Это из “посмертного послесловия”, найденного (Наталией Ботвинник) сравнительно недавно. Тут жизнь отца отражается в жизни сына, и научные выводы поверяются личной судьбой. Тут философская исповедь — такая же увлекательная, как повествование о сталинской теории общественных формаций — знаменитой теории, обездвижившей миллионы мозгов, испошлившей гуманитарную мысль. И вообще, речь тут идет ни более ни менее как о будущем цивилизации.

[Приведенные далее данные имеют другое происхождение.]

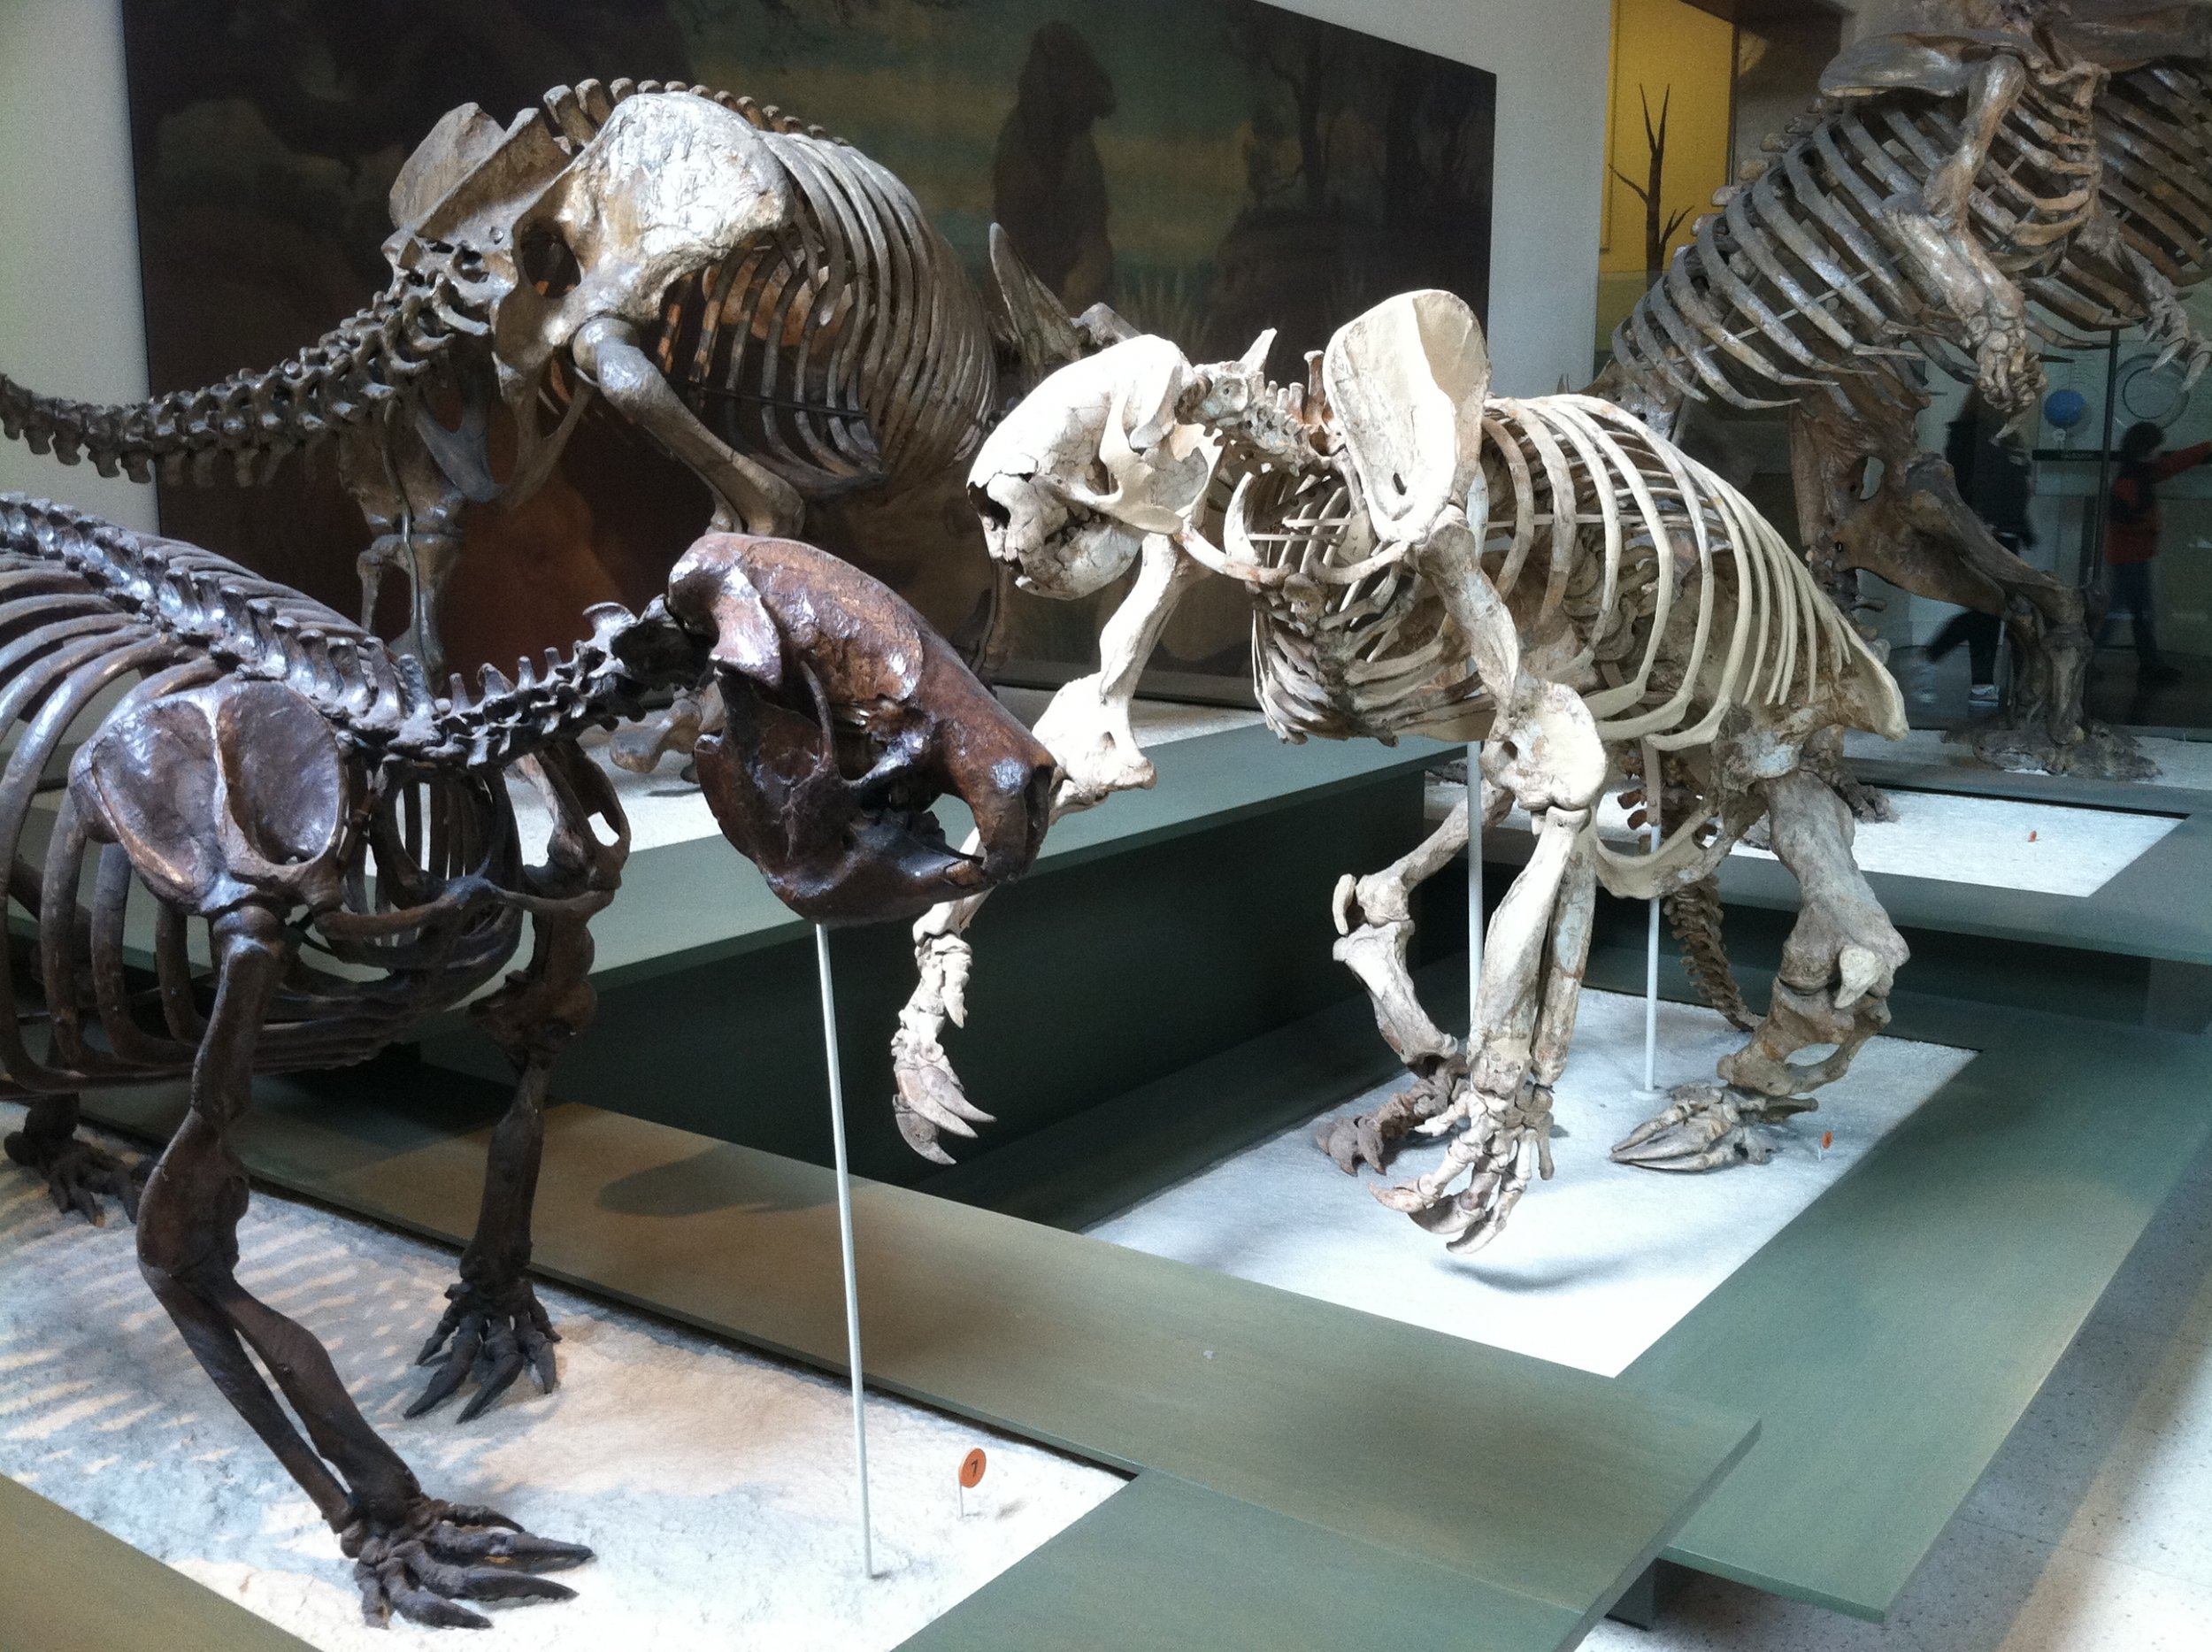 Ground sloths in a museum

Поразителен финал. Напоминая (не первый раз) слова Льва Толстого — что предпочтение перед другими своей народности (патриотизм) и своей веры служило на протяжении веков источником величайших бедствий человечества, Яков Лурье заключает книгу так:
“Не странно ли человеку, пишущему послесловие в надежде на посмертное его опубликование, завершать такими рассуждениями семейную хронику, посвященную отцу и деду? (Эх, про деда-то я ничего не успел! — С. Г.) Но ведь Соломон Яковлевич Лурье был “королем бестактности”, да и деду моему почтение к традициям и ритуалам не было свойственно. И меня, как и их, “мысли и взгляды” занимают больше, чем судьба друзей и родственников, больше даже, чем ожидание собственной, уже недалекой смерти”.
Это очень серьезно. Большой человек, большой стиль. Теперь так не пишут. Никого не осталось, кто мог бы подняться до такой интонации. Прочитав эту книгу, я окончательно понял — почему.